Most of the first quarter data was weak, the Fed acknowledged, but the economy continues to grow at “a moderate pace” and the timing of a rate hike continues to depend on “incoming data.”

Not much new here.

“If we were looking in the statement for where the needle may have moved on interest rates, we didn’t get any closer to a rate hike,” said Carl Tannenbaum, chief economist at Northern Trust and a former analyst at the Chicago Fed.

Wednesday’s statement was “noticeably more downbeat” than the Fed’s March statement, Tannenbaum noted, citing shifts in language used to describe such important economic indicators as job gains and household spending, both of which weakened between the Fed’s March and April meetings.

Fed Conceding What Everyone Knew

But the Fed was only conceding what everyone else has been saying for months, and what the GDP report released Wednesday morning confirmed: the economy ground almost to a halt during the first quarter.

“This is an acknowledgement of what we learned this morning with the first quarter GDP report,” agreed Tannenbaum.

GDP slowed to 0.2% during the first three months of the year, down from 2.1% in the fourth quarter. The government cited another unusually harsh winter, as well as other factors including a port strike in California, a rapid decline in the price of oil and an escalation in the value of the dollar for the weak quarter.

The lousy GDP report came on the heels of a shockingly bad March jobs report, which revealed job creation was far worse than anticipated last month. The next jobs report is due Friday May 7.

Still, just about everyone believes the downturn was seasonal and temporary and that the economy will pick up steam again in the second quarter.

“I think the challenge for the Fed and for the rest of us is to determine how significant some of these transitory factors are,” said Tannenbaum.

The weather is improving and the port strike is over. But energy costs are always volatile and the strength of the dollar is hard to predict on a long-term basis.

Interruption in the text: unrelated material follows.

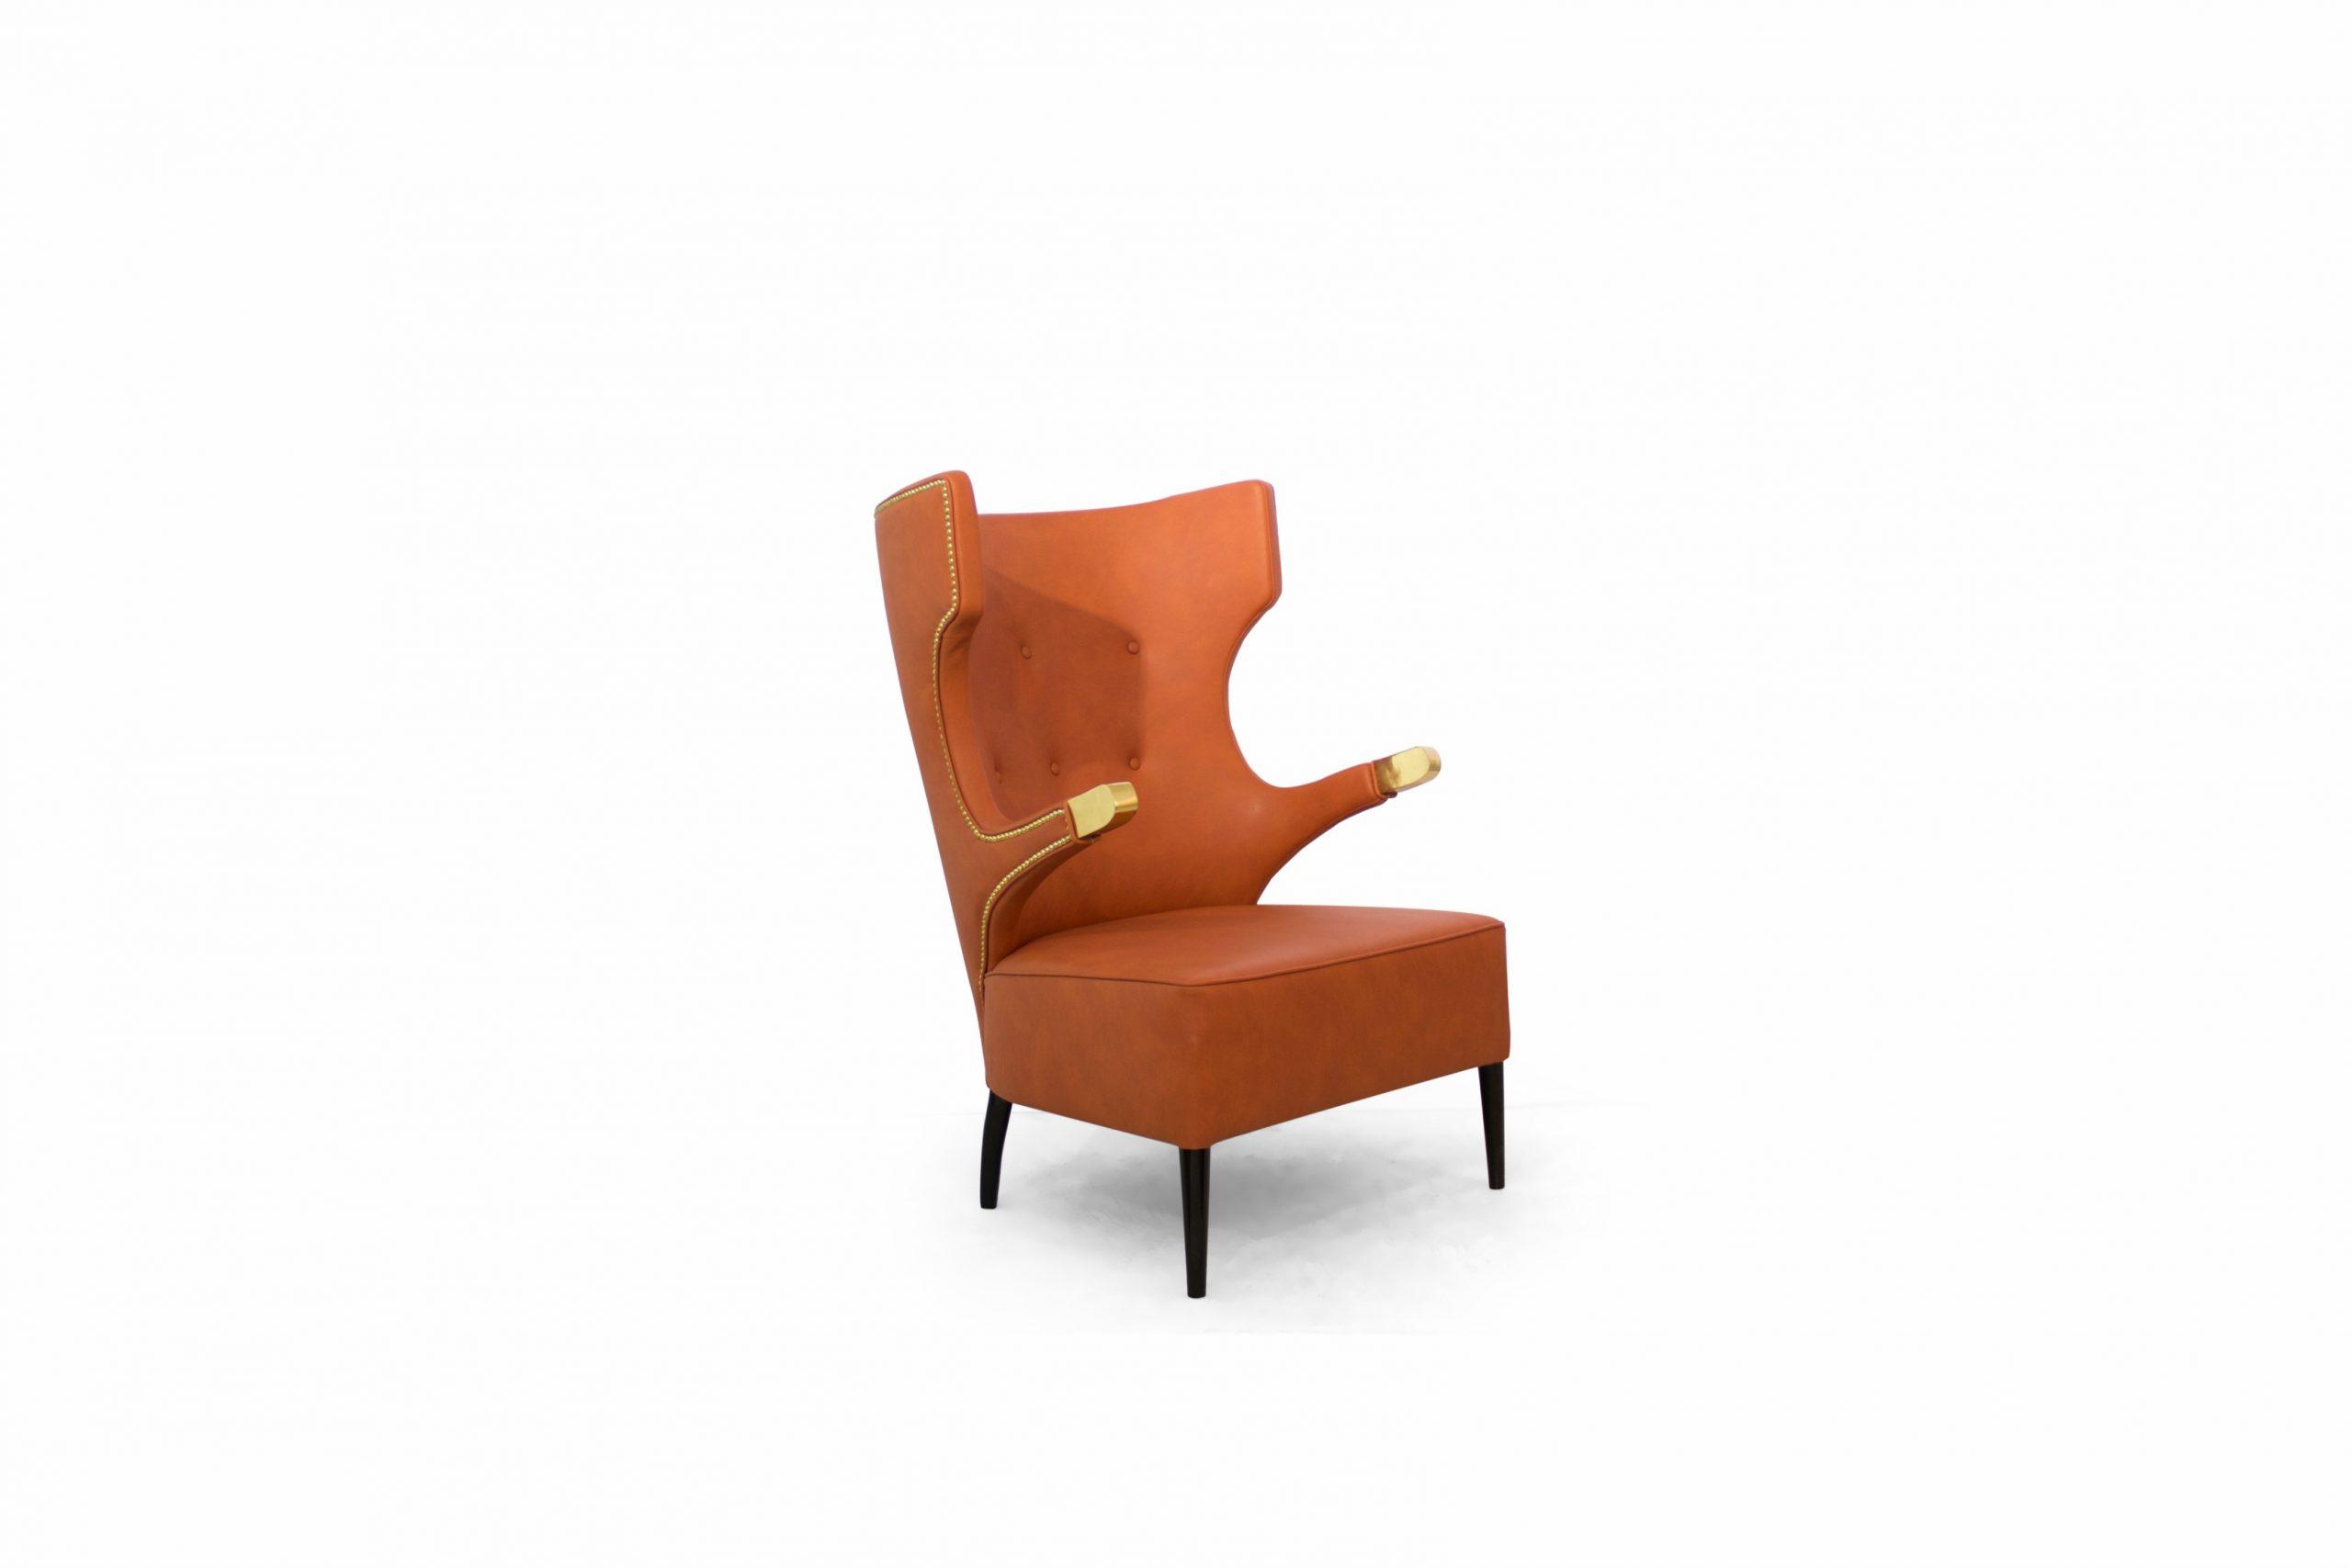 maison et objet 2020 Maison et Objet 2020: The Best of Modern Chairs Maison et Objet 2020 The Best of Modern Chairs 5 scaled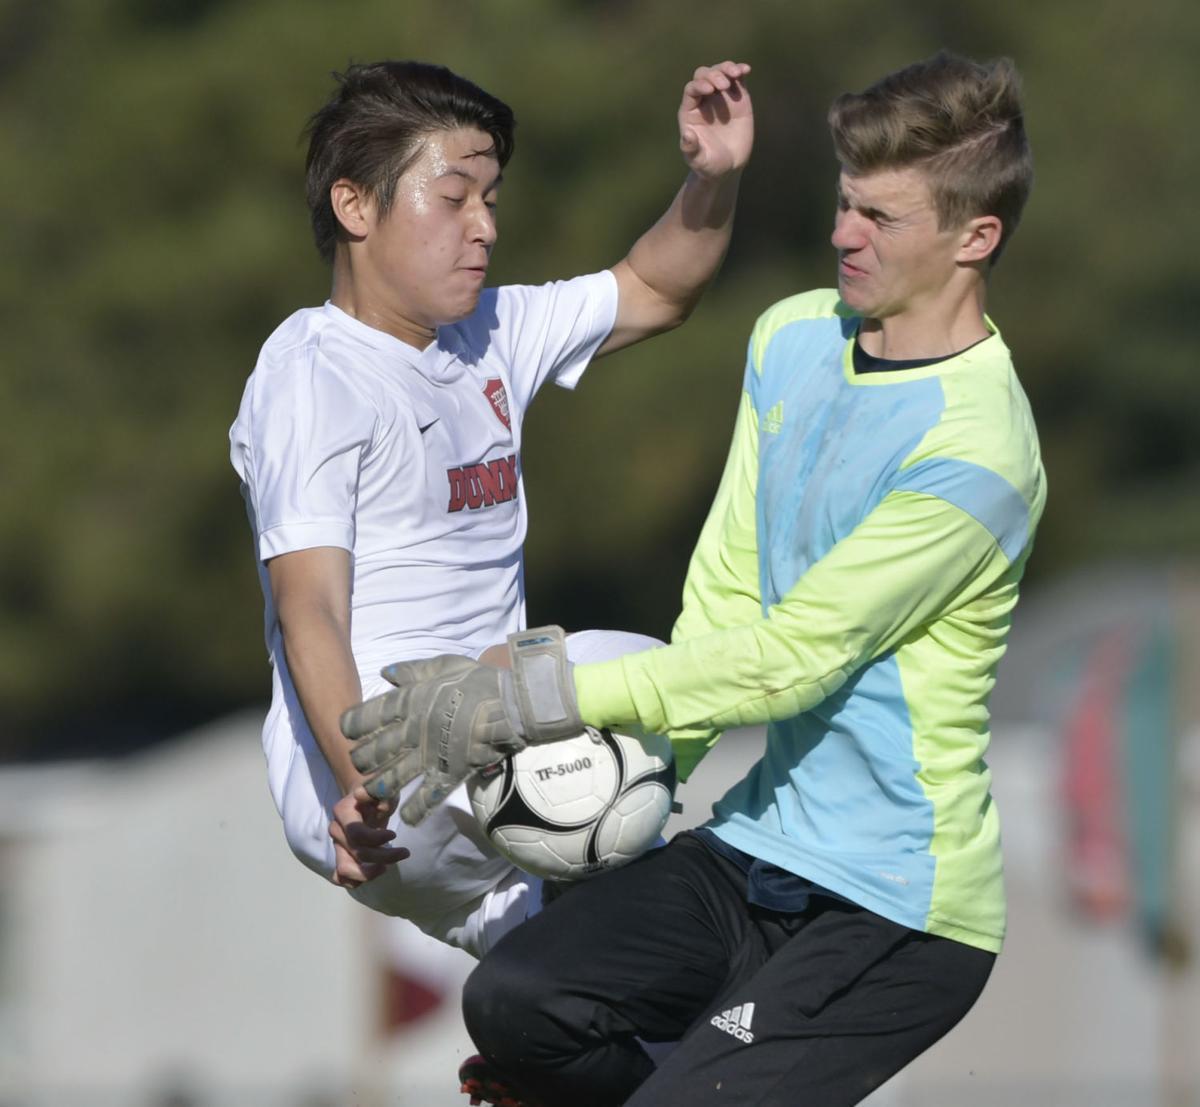 021618 Dunn School soccer 02.jpg

What all of this means is that the Janet Yellen-led Fed is likely to remain cautious in terms of returning monetary policy to normal following more than six years of rock bottom interest rates and interventionist policies introduced in the wake of the 2008 financial crisis.

Fed Wants to Maintain Flexibility

That means central bankers are very likely to put off any decision on rate hikes until an array of second-quarter data starts rolling in and that data confirms the predictions that the first quarter was a fluke and that the recovery is still moving forward.

What the Fed really wants to maintain is the flexibility to raise rates when they are absolutely certain the higher borrowing costs that will follow a rate hike won’t completely derail the recovery. Thus all the redundant, wishy-washy language.

Analysts at IHS Global Insight summed up the statement: “The Fed isn’t being naïve. Policy makers fully understand that while much of the first quarter slowdown was weather-related, economic growth and inflation still face ongoing headwinds from the strong US dollar, low oil prices, overseas growth risks, and continued household deleveraging. So the Fed has decided to maintain as much flexibility as possible by avoiding committing to any particular timing and pace of rate hikes.”

Don’t expect that ambiguity to end until the economic data is so relentlessly sunny it’s blinding. That hasn’t happened yet. Far from it.